The role of Notch signaling in the regulation of EMT is suggested by indirect and direct studies. Thus Notch signaling molecules are reported to activate TGFβ in rat mesangial cells under hyperglycemic conditions [55]. Given the role of TGFβ in promotion of EMT, the potential significance of Notch signaling in this process is suggested [53, 55]. Since EMT is associated with chronic fibrosis in the kidney [54], lung [56-59], liver [49, 60] and heart[61-63] evidence for Notch signaling in EMT focused on epithelial cells derived these tissues. For example, a lung-related study used the rat alveolar epithelial cell line, RLE-6TN, to document Notch involvement[15]. In that study activation of Notch, either by ectopic expression of the NICD or by co-culture with Jagged1 expression cells, induces the expression of mesenchymal marker genes including ACTA2, collagen I and vimentin with concomitant reduction in the expression of epithelial marker genes such as E-cadherin, occludin, and zonula occludens-1[15]. In addition to these direct effects mediated by its intracellular domain, Notch can indirectly regulate EMT through other signaling pathways, including TGFβ [15],NF-κB [64] and β-catenin [65], and through the action of various regulatory miRNAs [66-70]. These mechanisms implicate Notch signaling in potential regulation of fibrosis by their impact on genesis of the fibroblast/myofibroblast. Thus therapeutic targeting of this pathway may represent a feasible approach for control of fibrosis in diverse tissues and chronic progressive fibroproliferative diseases.

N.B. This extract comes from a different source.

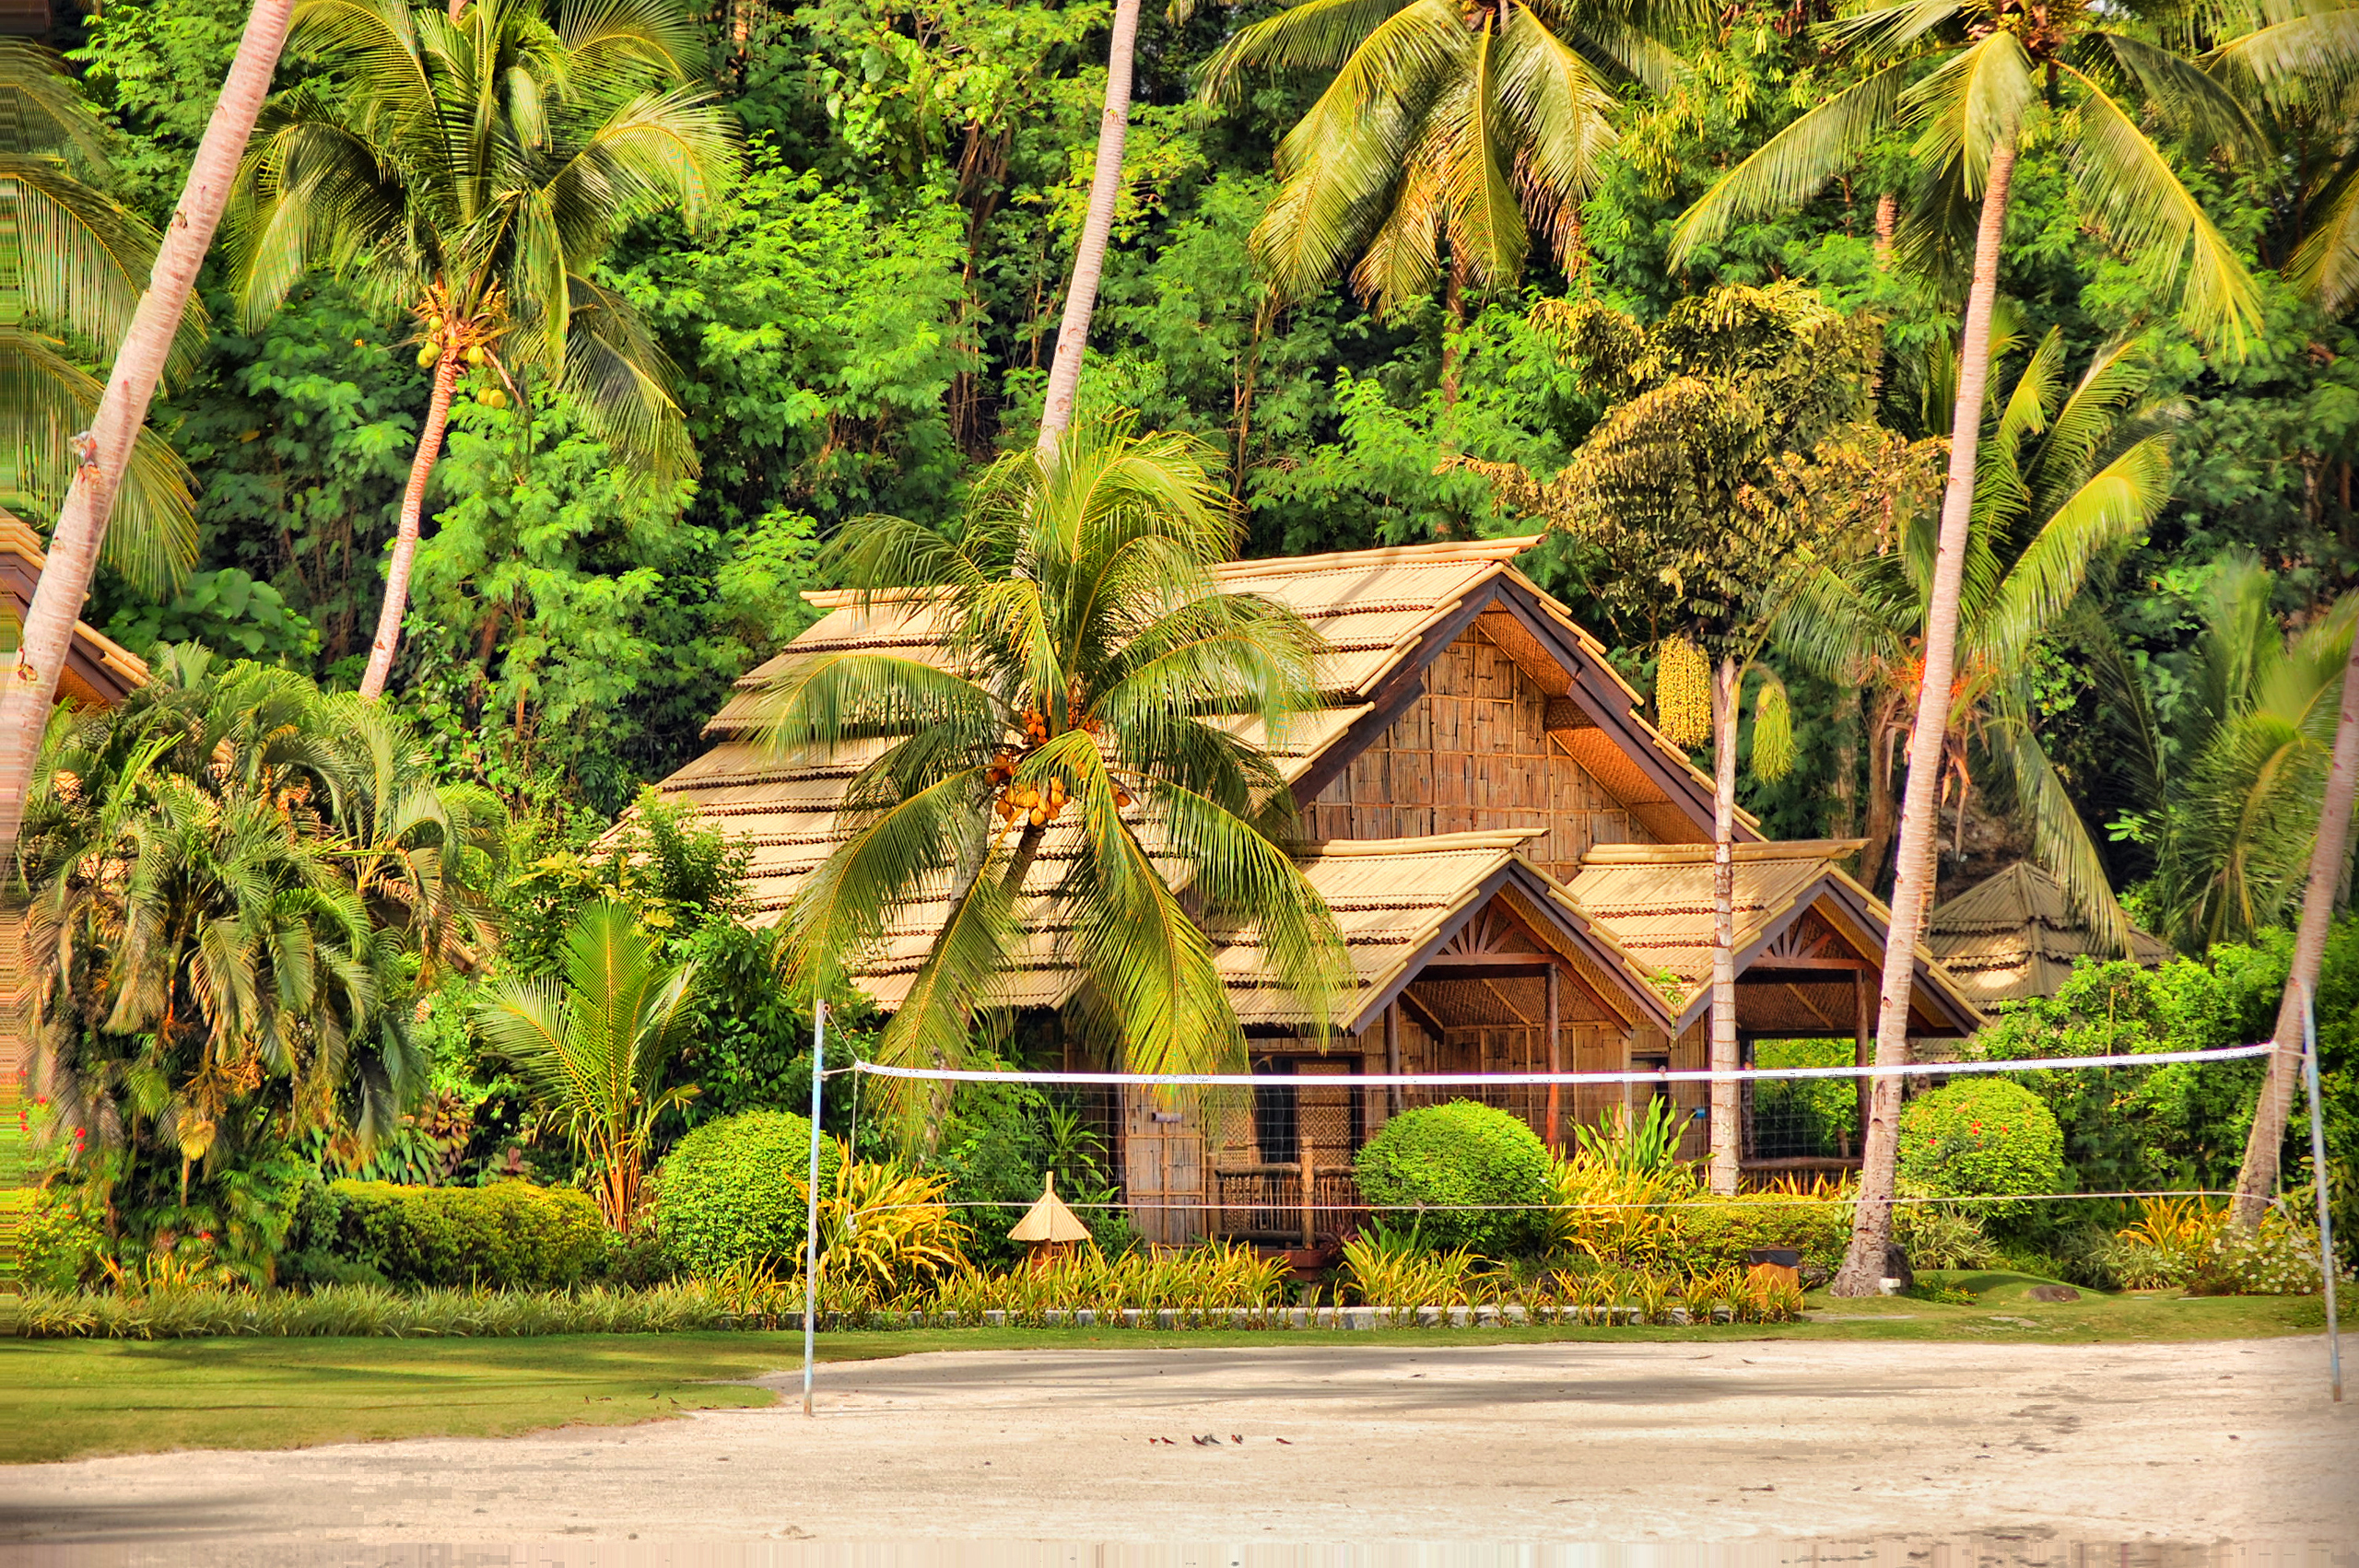 141965 descargar imagen bungalow, naturaleza, palms, isla, cabaña, choza, filipinas, samal: fondos de pantalla y protectores de pantalla gratis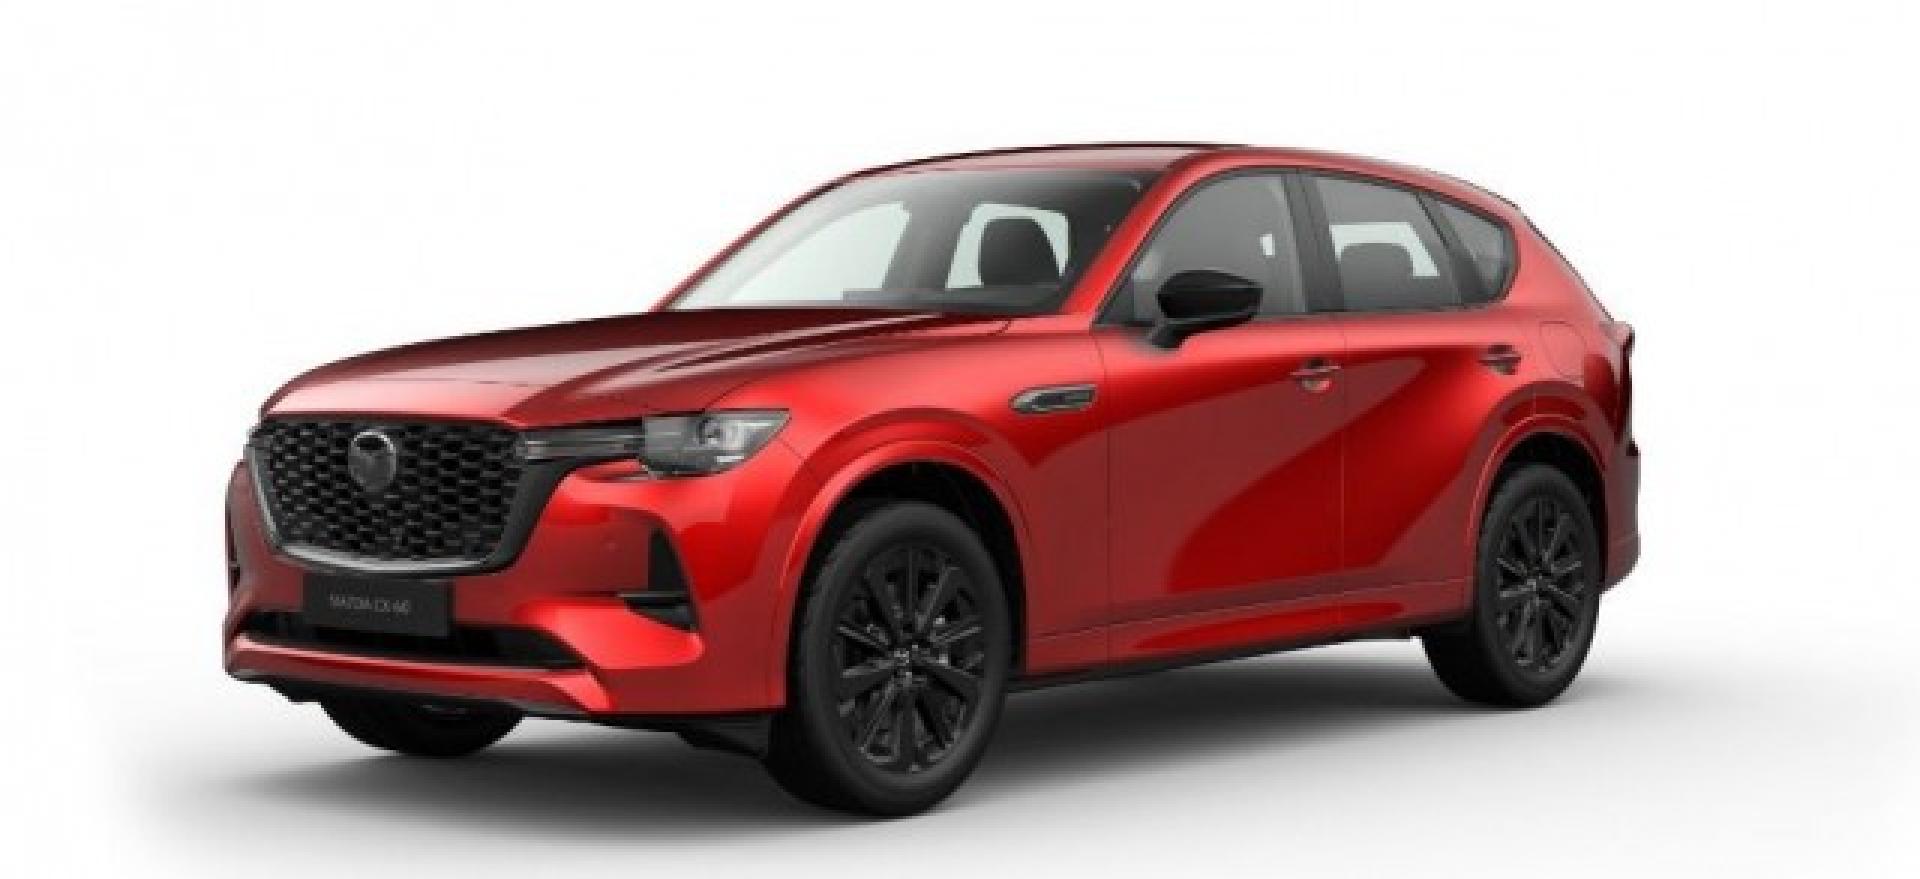 Tweedehands Mazda occasion kopen

Notch and Pulmonary Fibrosis

Notch signaling is required for lung development, and Notch receptors and ligands are present in both epithelial and mesenchymal compartments of the developing lung[71]. It is essential for cell differention and mobilization during lung alveogenesis [72], and in the mesenchyme, RBPJ is critical for recruitment and specification of arterial vascular smooth muscle cells, mesothelial epithelial-mesenchymal transition, and selection of Clara versus ciliated cell fate [73]. NOTCH1 is also essential for regeneration of Clara cells during repair of airway injury [74].

In the adult lung, activation of the Notch pathway is reported in patients with chronic obstructive pulmonary disease (COPD)[75], idiopathic pulmonary arterial hypertension [76] and idiopathic pulmonary fibrosis (IPF) [15]. Animal model studies confirmed activation of Notch signaling in pulmonary fibrosis, consistent with similar reports in lung specimens from patients with idiopathic interstitial pneumonias or IPF [7, 15, 18]. The majority of known Notch-related genes are expressed in human small airway epithelium [75] with evidence of elevated Notch expression in lung myofibroblasts in the bleomycininduced model of pulmonary fibrosis and in lung specimens from patients with idiopathic interstitial pneumonias [15]. Mucus cells from patients with chronic obstructive pulmonary disease, idiopathic pulmonary artery hypertension or IPF express the Notch downstream transcription factor, HES1 [77]. Aberrantly sustained Notch activity in injured lungs results in an alveolar cyst architecture that is indicative of a fibrotic phenotype [78]. Moreover differential expression of miRNAs targeting the Notch signaling pathway is observed in rapidly or slowly progressive IPF patients compared to healthy controls, further implicating a role for Notch signaling in IPF pathogenesis [79]. Support is provided by evidence that Notch1 can upregulate type I collagen promoter activity through a Hes1-dependent mechanism [80]. Additionally in the bleomycin model, Jagged1/Notch-signaling is upregulated and found to be essential for myofibroblast differentiation induced by FIZZ-1, a profibrotic factor expressed mainly in IL-4/IL-13 activated alveolar epithelial cells [18]. Impairment of Notch signaling due to impaired fucosylation in FXKO mice inhibits myofibroblast differentiation and bleomycin induced fibrosis [18]. Additionally mesenchymal-specific conditional Notch1 deficient mice exhibited significant reduction of pulmonary fibrosis in the same bleomycin model [81].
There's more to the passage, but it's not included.